Wednesday, October 12, 2011

Sphene My Love

Finally, I have a scientific paper published!  I am an official author, first author at that!  Two years of my life in a 22 page paper on sphene.  I do love sphene. 


Do you see that little guy?  The brown one edging in on some quarts?  That's a sphene.  They all look like that.  Usually they are more orange in color, I think the picture changed the color a little.  The big white one is quarts, the big one off to the left is sanidine, and all the black is volcanic glass.  This picture is of a microscope slide made from one of my rocks.  HRL 21 I bet.



For this picture I crushed up some pumice in a tube with a baseball bat.  Then I sorted out the sphene from the glass using water and density differences.  Then using a pin taped to a pencil, face grease, and a microscope I picked out individual sphene grains from the "sand" I had made.  It was then mounted on a slide by the lovely Danny Flanny at the SHRIMP (Super High Resolution Ion Micro Probe) or a microscope the size of a room.  This image was back-scatter imagery.  It's been a while, but I think that means they sent something at the grain and what bounced back was recorded as this image.  Anyways, each circle is a spot I took a measurement from with the SHRIMP and the numbers are the estimated temperature of the magma (lava) when that part of the sphene grew/formed.  I could, but I won't, show you a chart I made with all the temperatures comparing the outside of the grain to the inside, as well as the dark spots to the light spots.

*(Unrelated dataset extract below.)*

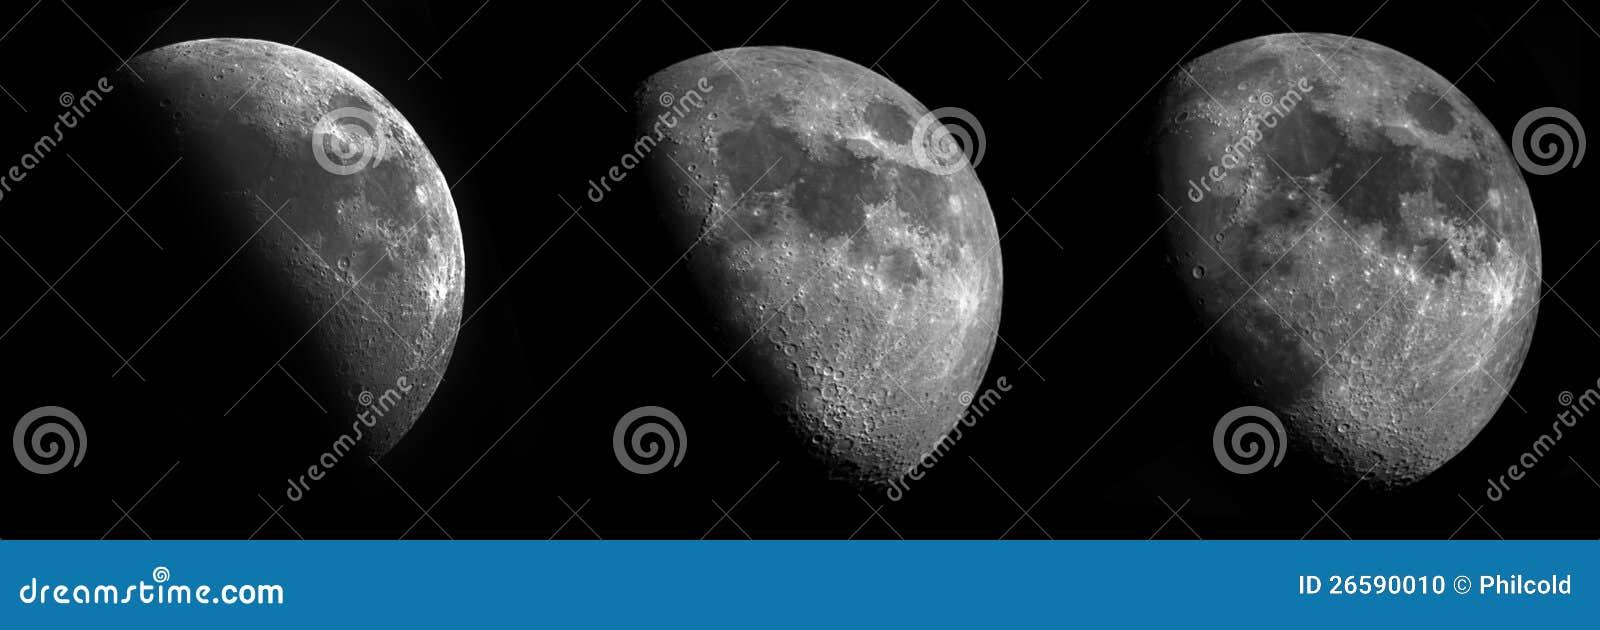 3 участка серповидной луны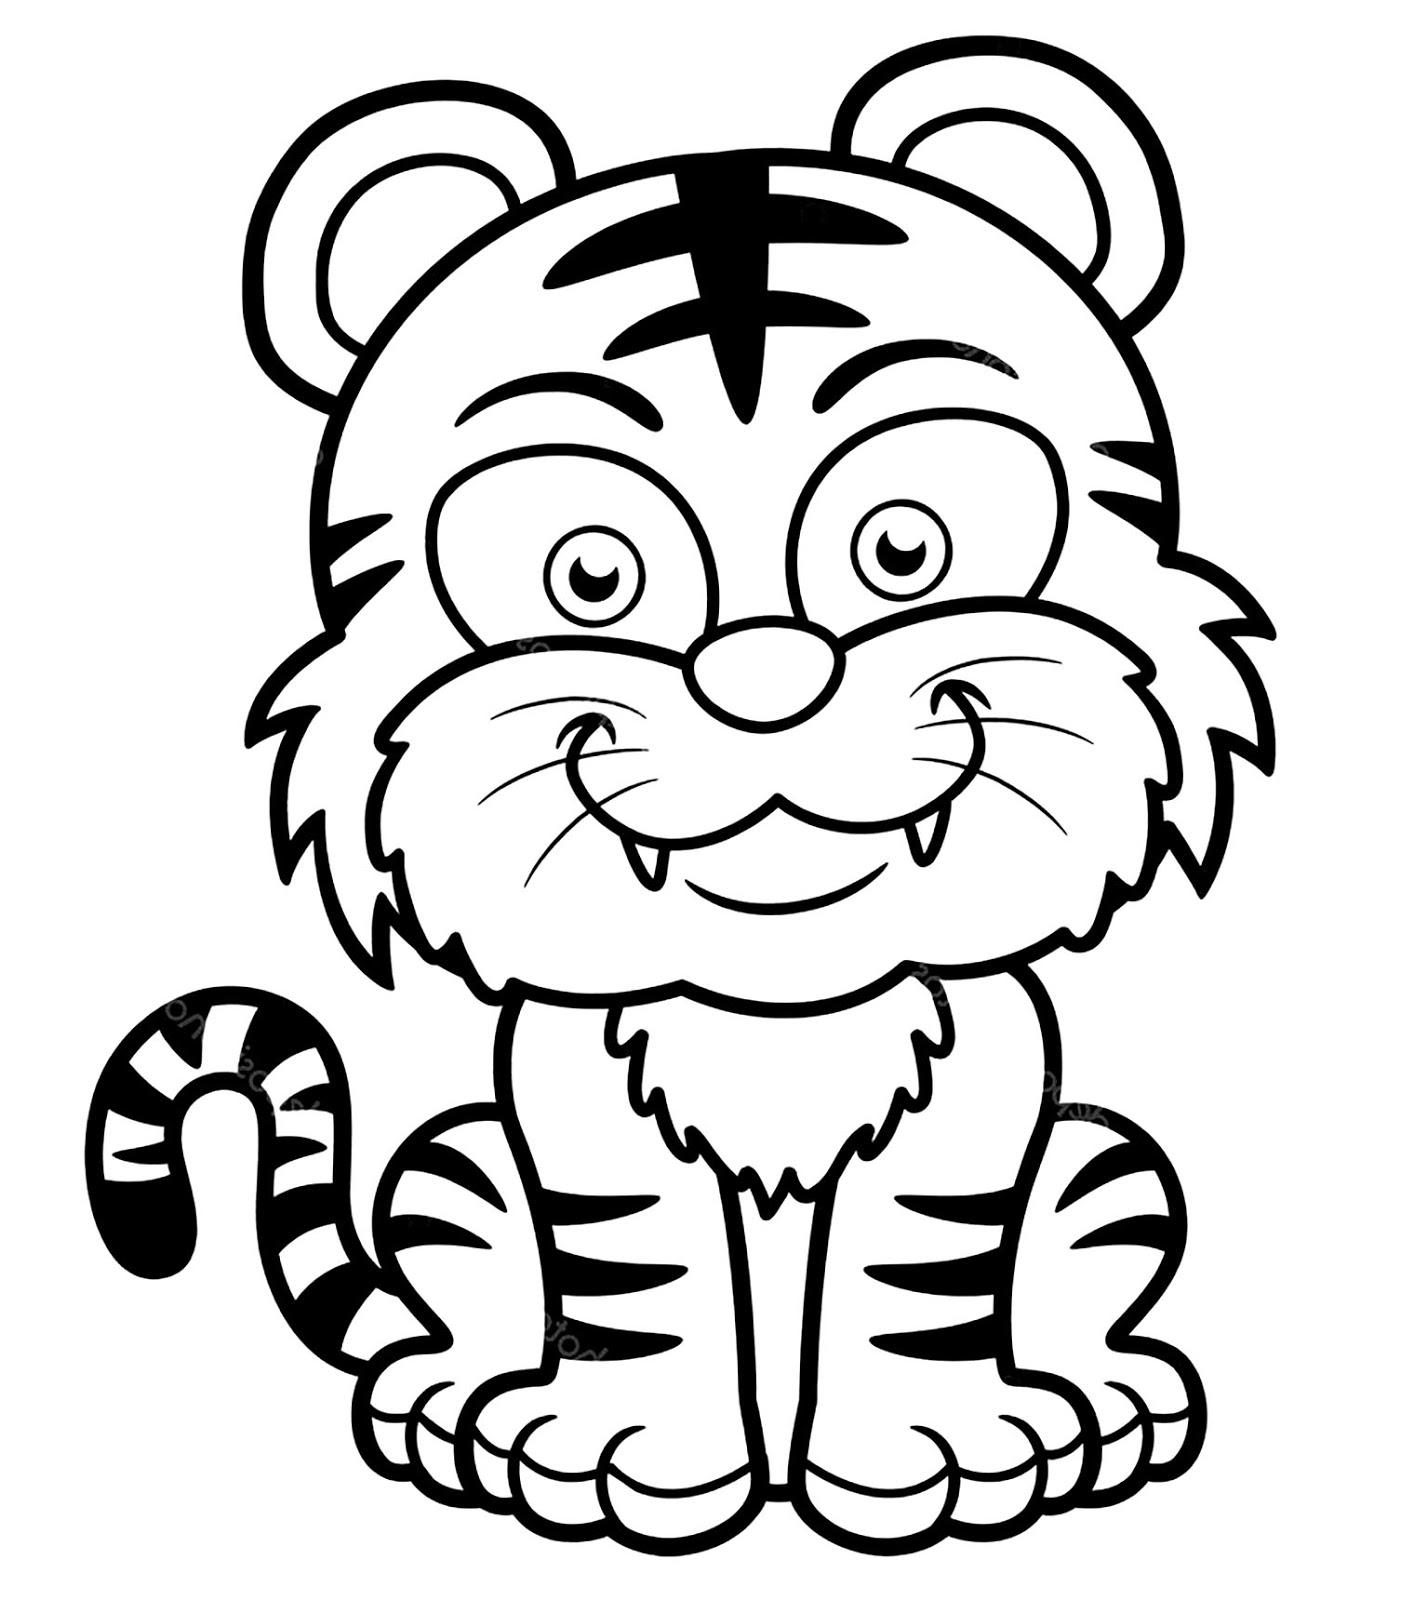 Tranh tô màu con hổ cute

Finally, this last picture is AWESOME!  I call it Skeleton Sphene because it looks like bones on the outside of it.  That's why I took this picture, because it looked cool.  I showed Calvin and it turns out it's actually cool because the sphene on the edges is dissolving and turning into illminite, the bones.  That shows that something interesting was happening in the magma at the time of cooling.